Going beyond counting edges and weights, we can use **betweenness centrality** to identify bridging nodes in a network. Nodes that occur on many shortest paths between other nodes in the network have high betweenness centrality.

In our flight network, we could use this measure to identify key hub airports in the network with high betweenness

In [None]:
# calcuate betweennness centrality scores
between_scores = nx.betweenness_centrality(g)
# add a column to our Data Frame
df["Between"] = pd.Series(between_scores)
# sort in descending order and get top values
df.sort_values(by="Between", ascending=False).head(10)
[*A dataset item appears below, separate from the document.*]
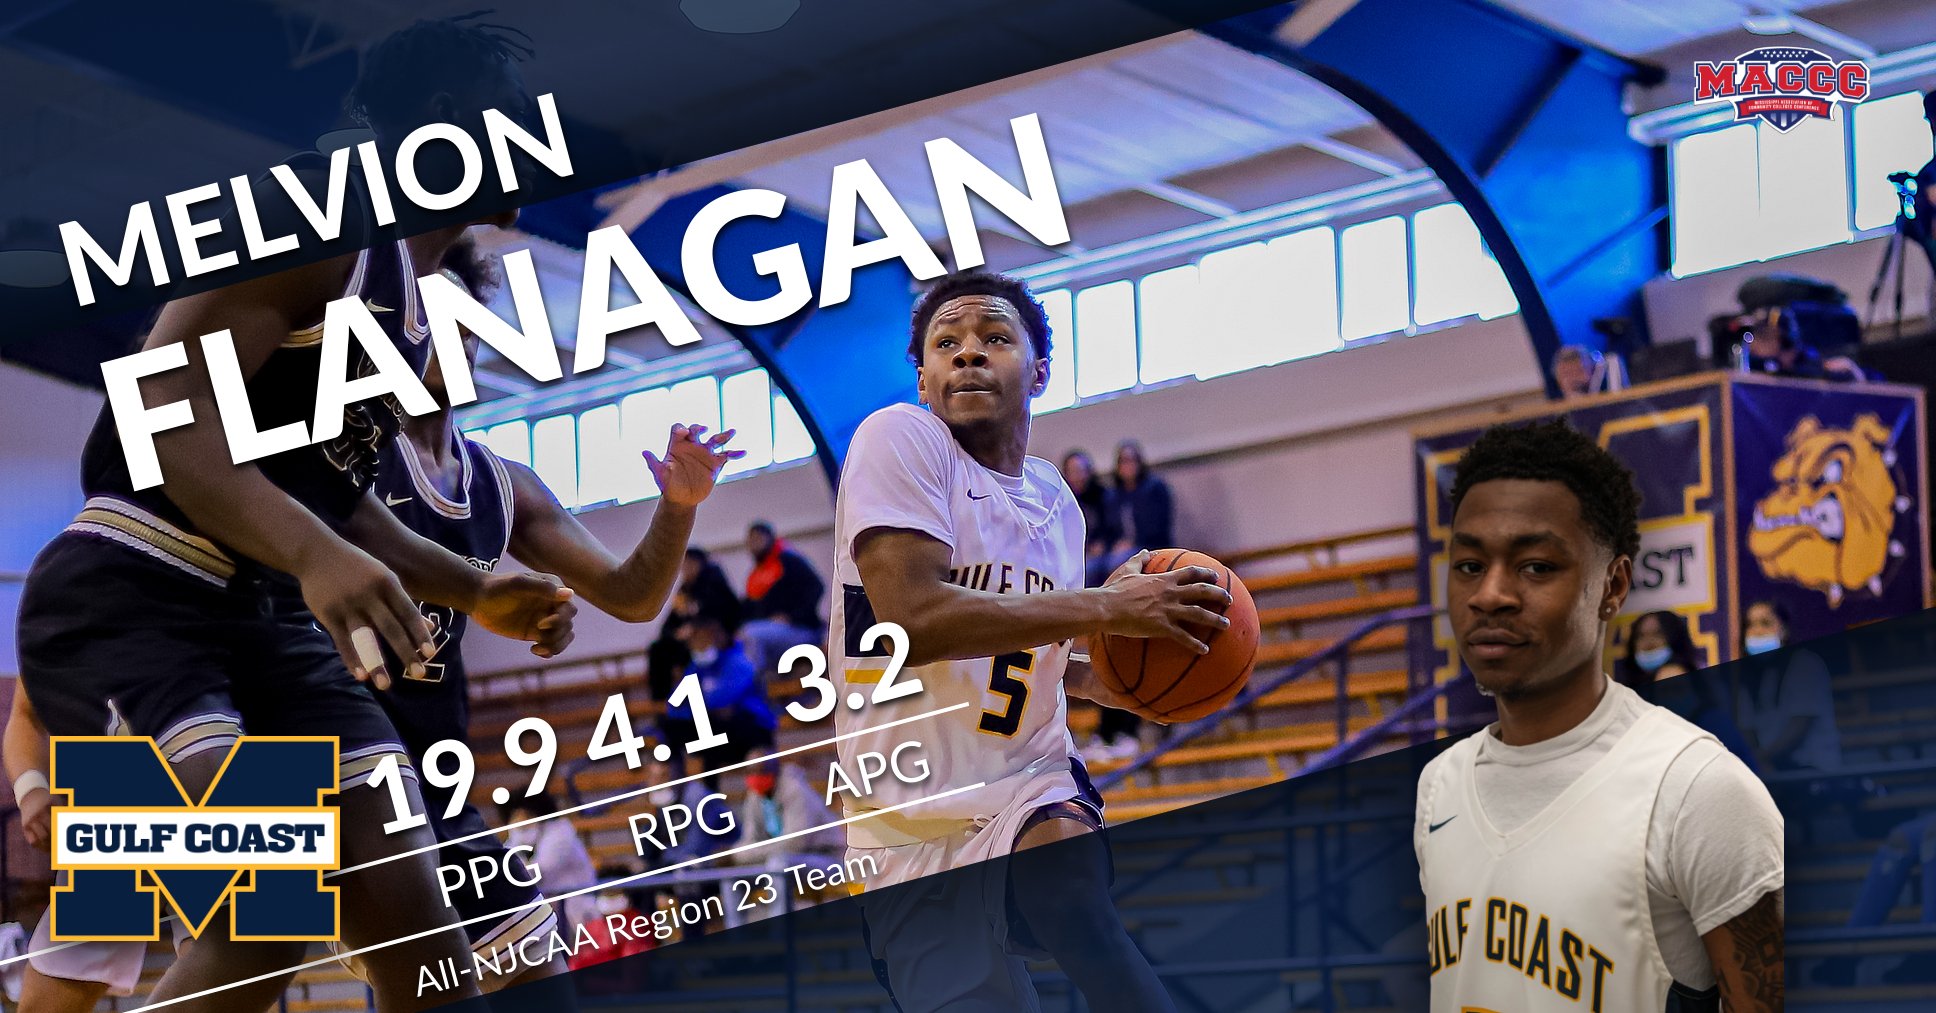 Flanagan named All-Region 23

The **eigenvector centrality** of a node proportional to the sum of the centrality scores of its neighbours. This means that a node is important if it connected to other important nodes.

In [None]:
# calcuate eigenvector centrality scores
eig_scores = nx.eigenvector_centrality(g)
# add a column to our Data Frame
df["Eigenvector"] = pd.Series(eig_scores)
# sort in descending order and get top values
df.sort_values(by="Eigenvector", ascending=False).head(10)

Different measures will be appropriate in different contexts:

- Degree centrality: when the number of connections is important
- Betweenness centrality: when control over transmission is important
- Closeness centrality: when time taken to reach nodes is important
- Eigenvector centrality: when influence of neighbours is important

In [None]:
# look at the correlation between the different centrality measures
df.corr()